Me he plantado en la final del Campeonato Mundial de Comer Pimientos del Padrón. Sólo quedamos cinco: Steven Seagal, Leticia Sabater, Julio Cortázar, Georgie Dann y yo. La competición se lleva a cabo en una estación espacial construida como una réplica exacta del pueblo sevillano de Écija. Siempre es agosto. Leticia Sabater ya no soporta más los 53º a la sombra y se acaba convirtiendo en un torrezno con cejas. «Un rival menos», pienso mientras me bebo del tirón seis botijos. Steavan Seagal llega a la Plaza Real montado sobre un oso hormiguero. Julio Cortázar, sentado justo a mi lado, va vestido con el uniforme rojo y negro de los alienígenas de la serie “V”. El insoportable calor lo vuelve loco y comienza a arrancarse la piel de la cara para mostrarme convencido el lagarto que hay debajo. Pero de lagarto nada, por mucha epidermis que se destroce ahí debajo no hay más que músculo y nervios. Aun así, él erre que erre con su desfiguración mientras que con dos dedos de una mano finge una lengua bífida. En ese momento, el alcalde de Écija, que no es otro que Chuck Norris, le vuela la cabeza con un trabuco. Ya sólo quedamos tres; me conciencio de mis posibilidades reales de ganar el campeonato. El lugar está invadido por palomas con pajarita y monóculo que no paran de pelearse entre ellas zureando como unas posesas: “¡Yo soy Sigmund Freud! ¡Ni hablar, yo soy el auténtico Freud! ¡Me cago desde la azotea en vuestro psicoanálisis, yo soy Sigmund Freud!”
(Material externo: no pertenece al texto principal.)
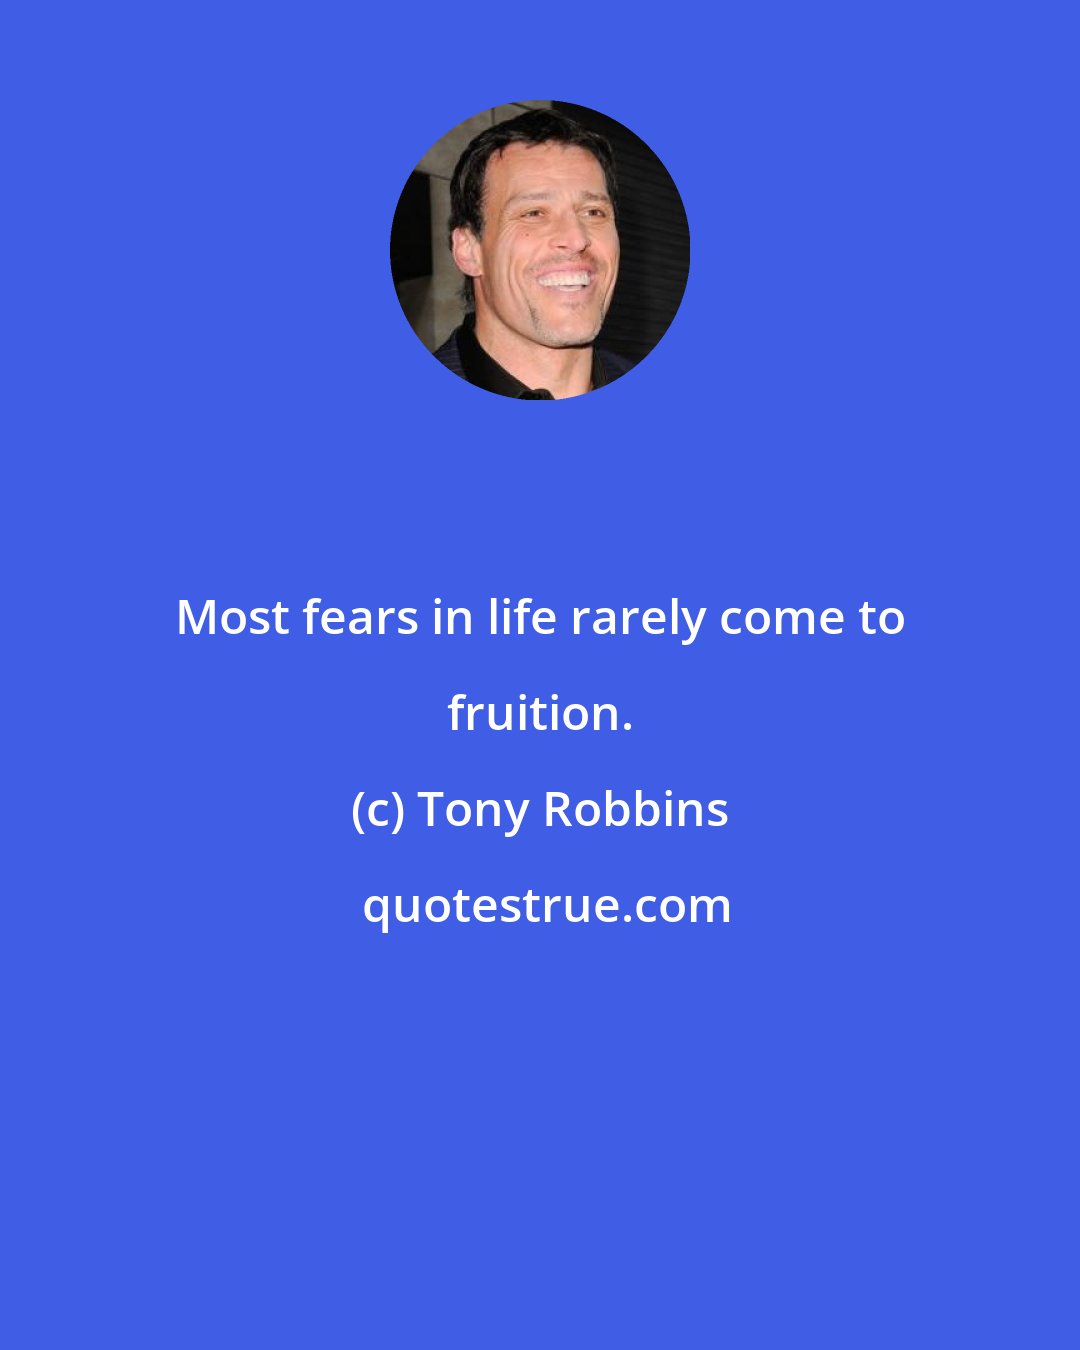 Tony Robbins: Most fears in life rarely come to fruition.

Un tráiler conducido por un chimpancé borracho entra a toda hostia en la plaza, pierde el control y vuelca, desparramando las diez toneladas de pimientos del padrón que transporta. Georgie Dann tiene un flechazo y se enamora del mono, que no para de echar la pota. Se acaban casando en Las Vegas. Al año, el chimpancé abandona a Georgie Dann y se liga a Sharon Stone. Ahora sólo quedamos Steven Seagal y yo.
Empezamos a comer pimientos como autómatas. Seagal no para de insultarme en arameo. Las palomas continúan chillando que son Sigmund Freud. Comienza a llover sangría.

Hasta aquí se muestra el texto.